🤖 AI Summary
Embedded autonomous driving platforms face conflicting demands of limited computational resources and heterogeneous accuracy requirements across diverse operational scenarios.
Method: This paper proposes a task-specific, learning-based adaptive semantic segmentation deployment framework. It introduces a three-level tunable mechanism—adjusting width multipliers, classifier depth, and convolutional kernel sizes—integrated with Bayesian optimization and a hardware-aware surrogate model to perform fine-grained, scenario-customized joint hyperparameter search under MACs constraints.
Contribution/Results: The framework uniquely unifies dynamically scalable network architectures with hardware-aware automated tuning, enabling co-optimization of model size and accuracy. Experiments on embedded platforms—including NVIDIA DRIVE PX 2—demonstrate substantial improvements in both resource utilization efficiency and segmentation accuracy, facilitating efficient, multi-task customized deployment.
📝 Abstract
Autonomous driving platforms encounter diverse driving scenarios, each with varying hardware resources and precision requirements. Given the computational limitations of embedded devices, it is crucial to consider computing costs when deploying on target platforms like the NVIDIA extsuperscript{ extregistered} DRIVE PX 2. Our objective is to customize the semantic segmentation network according to the computing power and specific scenarios of autonomous driving hardware. We implement dynamic adaptability through a three-tier control mechanism -- width multiplier, classifier depth, and classifier kernel -- allowing fine-grained control over model components based on hardware constraints and task requirements. This adaptability facilitates broad model scaling, targeted refinement of the final layers, and scenario-specific optimization of kernel sizes, leading to improved resource allocation and performance.
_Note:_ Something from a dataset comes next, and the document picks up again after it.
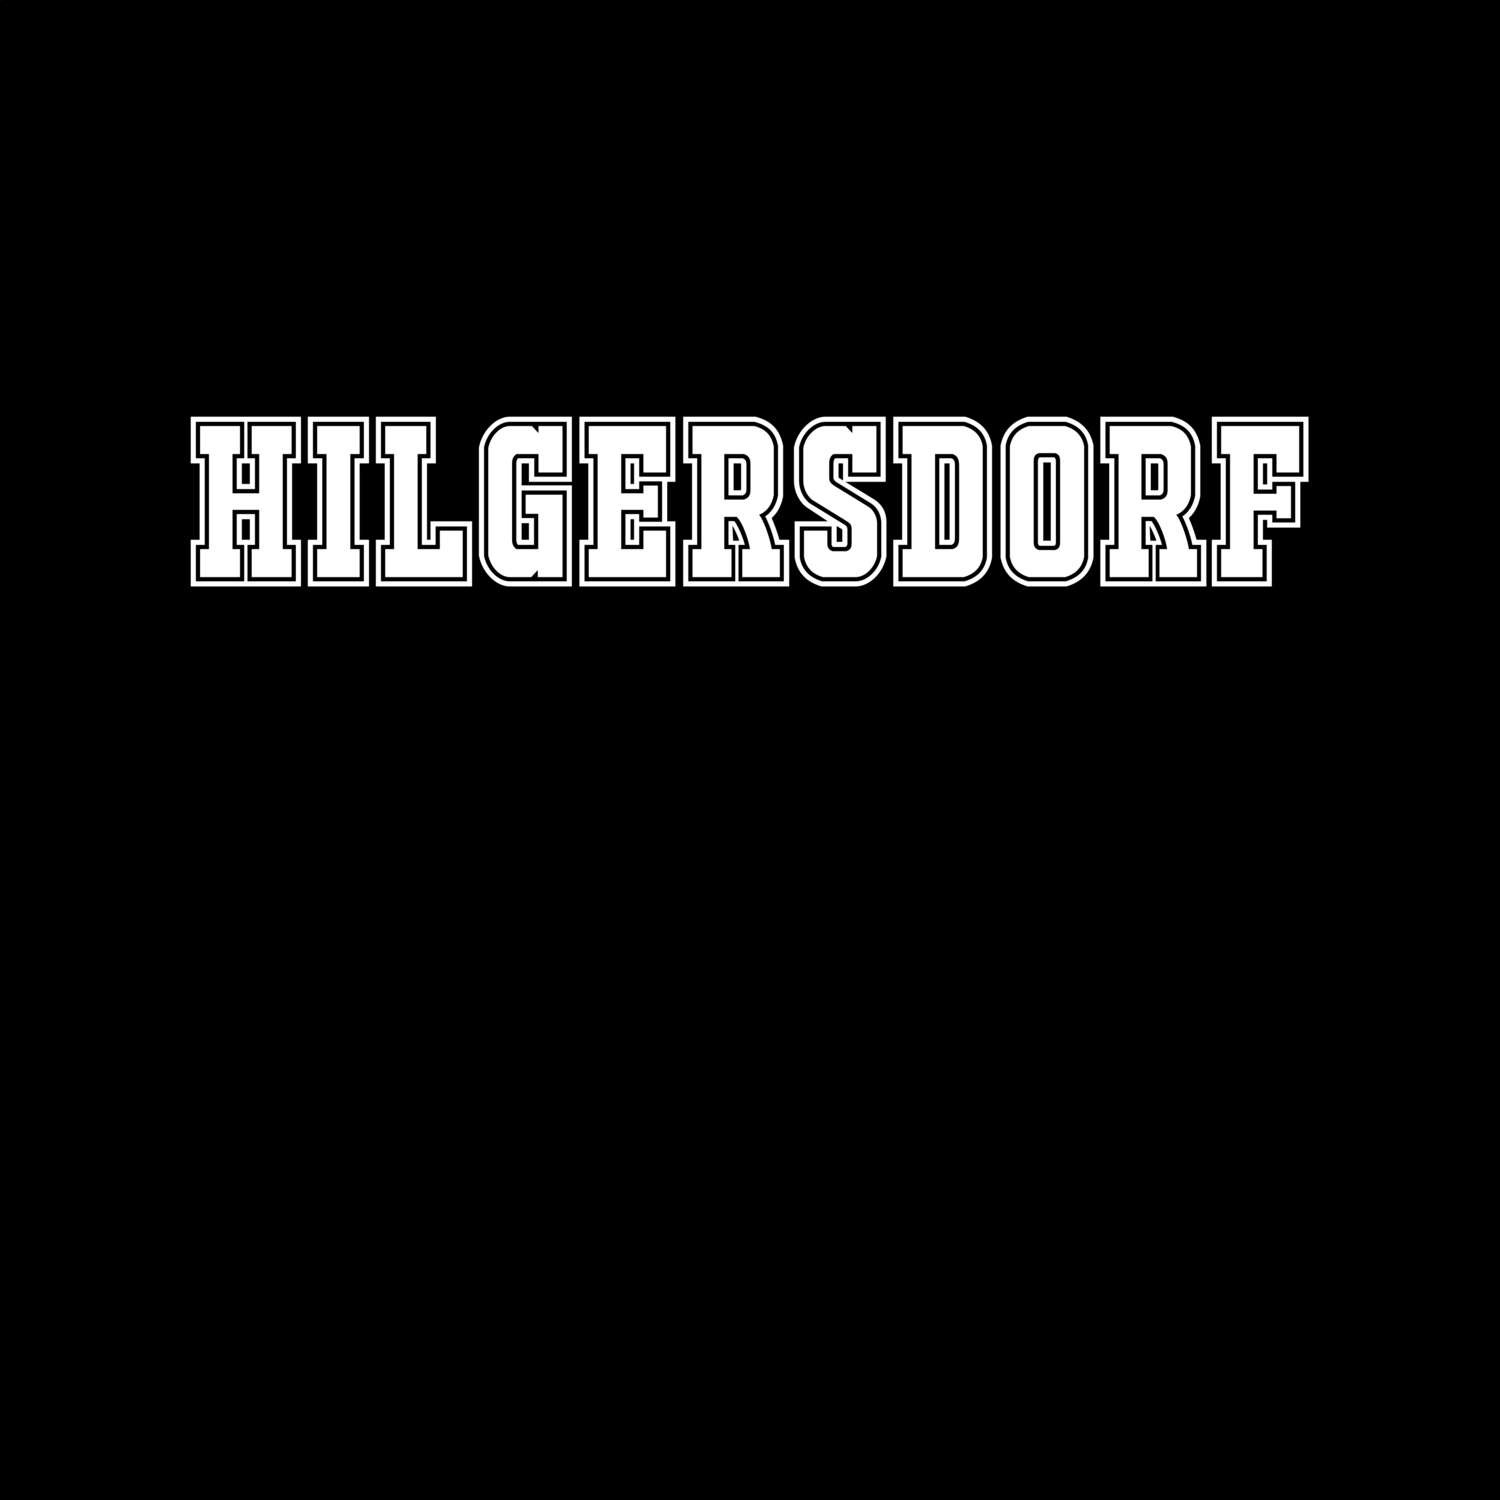 Hilgersdorf T-Shirt »Classic«

Additionally, we leverage Bayesian Optimization with surrogate modeling to efficiently explore hyperparameter spaces under tight computational budgets. Our approach addresses scenario-specific and task-specific requirements through automatic parameter search, accommodating the unique computational complexity and accuracy needs of autonomous driving. It scales its Multiply-Accumulate Operations (MACs) for Task-Specific Learning Adaptation (TSLA), resulting in alternative configurations tailored to diverse self-driving tasks. These TSLA customizations maximize computational capacity and model accuracy, optimizing hardware utilization.